# How much snow for So NH and Northern Mass???



## MOWBIZZ (Sep 11, 2007)

I've been trying to get an accurate prediction for the SE NH and NE MA snowfall for today and tonight...I've heard 1-3" AND POSSIBLY " A LOT MORE" 
Anyone got an inside connection on what the heck we may get??


----------



## sir spaniourd (Jan 7, 2005)

i've heard about 3" but it seems we are going to get more than that


----------



## MOWBIZZ (Sep 11, 2007)

sir spaniourd;499346 said:


> i've heard about 3" but it seems we are going to get more than that


Yup...ended up with anywhere from 2-3 " along my route...about half of my account got plowed...the others refused ( 3" trigger) Hmmm...January may be saved yet!!


----------



## Yaz (Apr 13, 2005)

In my area 2.5" from the sky. With wind blowing snow off the roofs and drifting we had some spots with more and some spots less.
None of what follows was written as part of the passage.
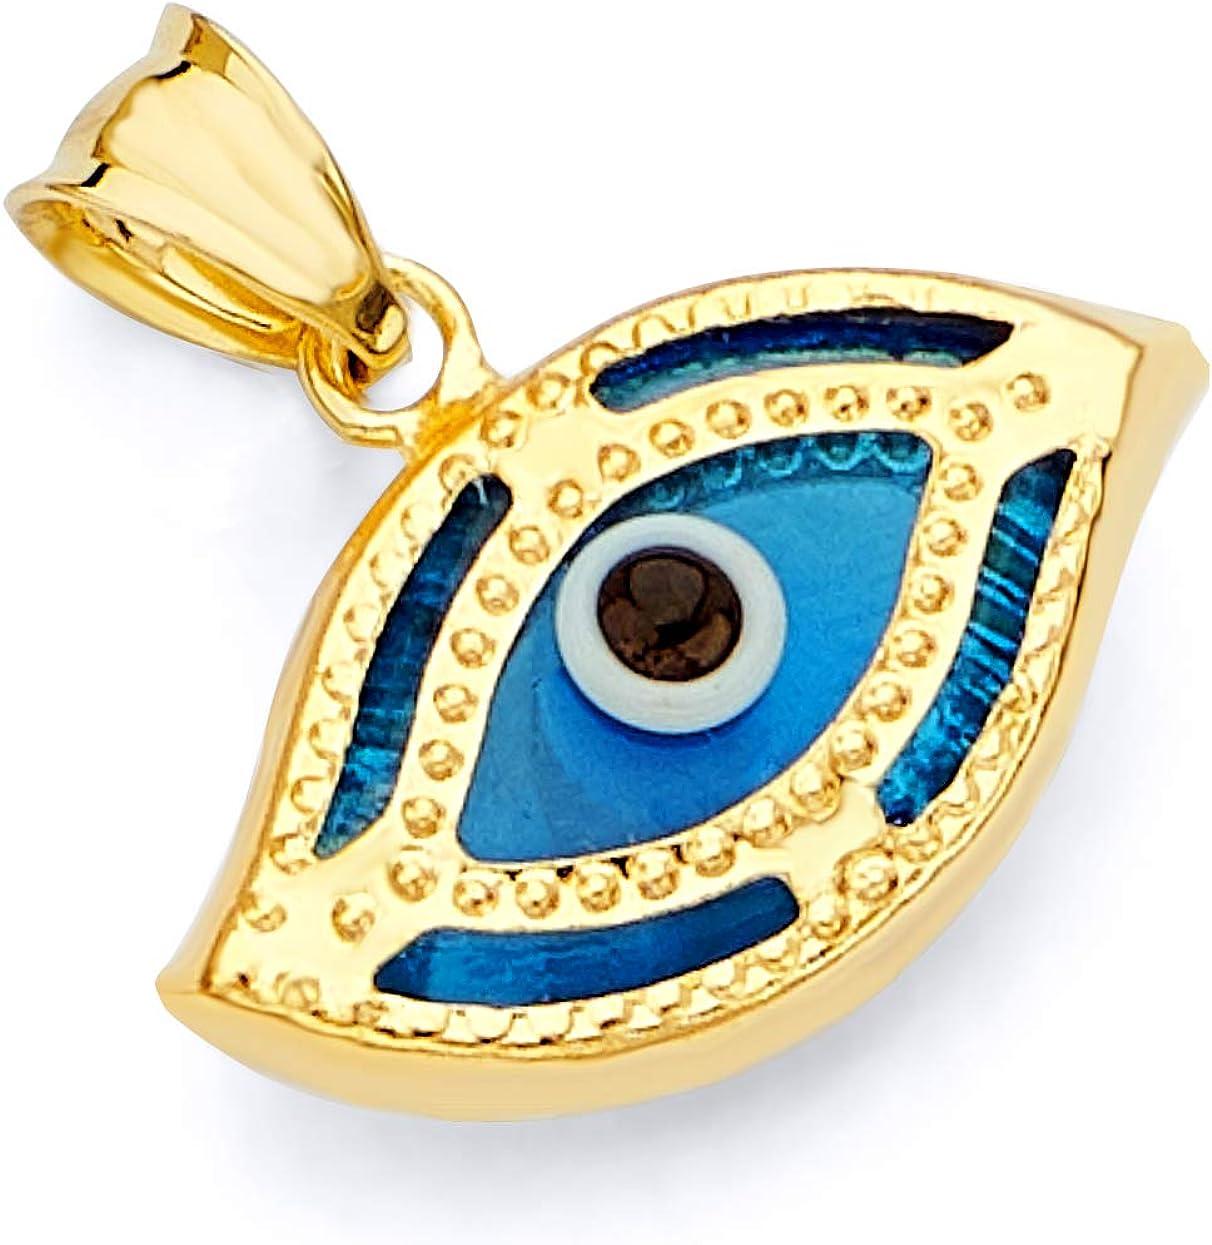 Heart Necklace Dark Blue Enamel Evil Eye Pendant 17x19mm 24k Shiny Gold Plated Heart Shaped Evil Eye Charms GLD015

Just saw accuweather... said we should get more snow between 3AM and 7AM... better get some sleep....


----------



## Yaz (Apr 13, 2005)

As usual... nothin


----------



## streetfrog (Dec 9, 2007)

We got a total of about 3" yesterday. stopped at about 4:30-5:00 pm. I have a 1" trigger at all my accounts except 1 res. She is 4". But only because it was easier than arguing with her mom( she insists she can shovel anything up to that> shes 65)


----------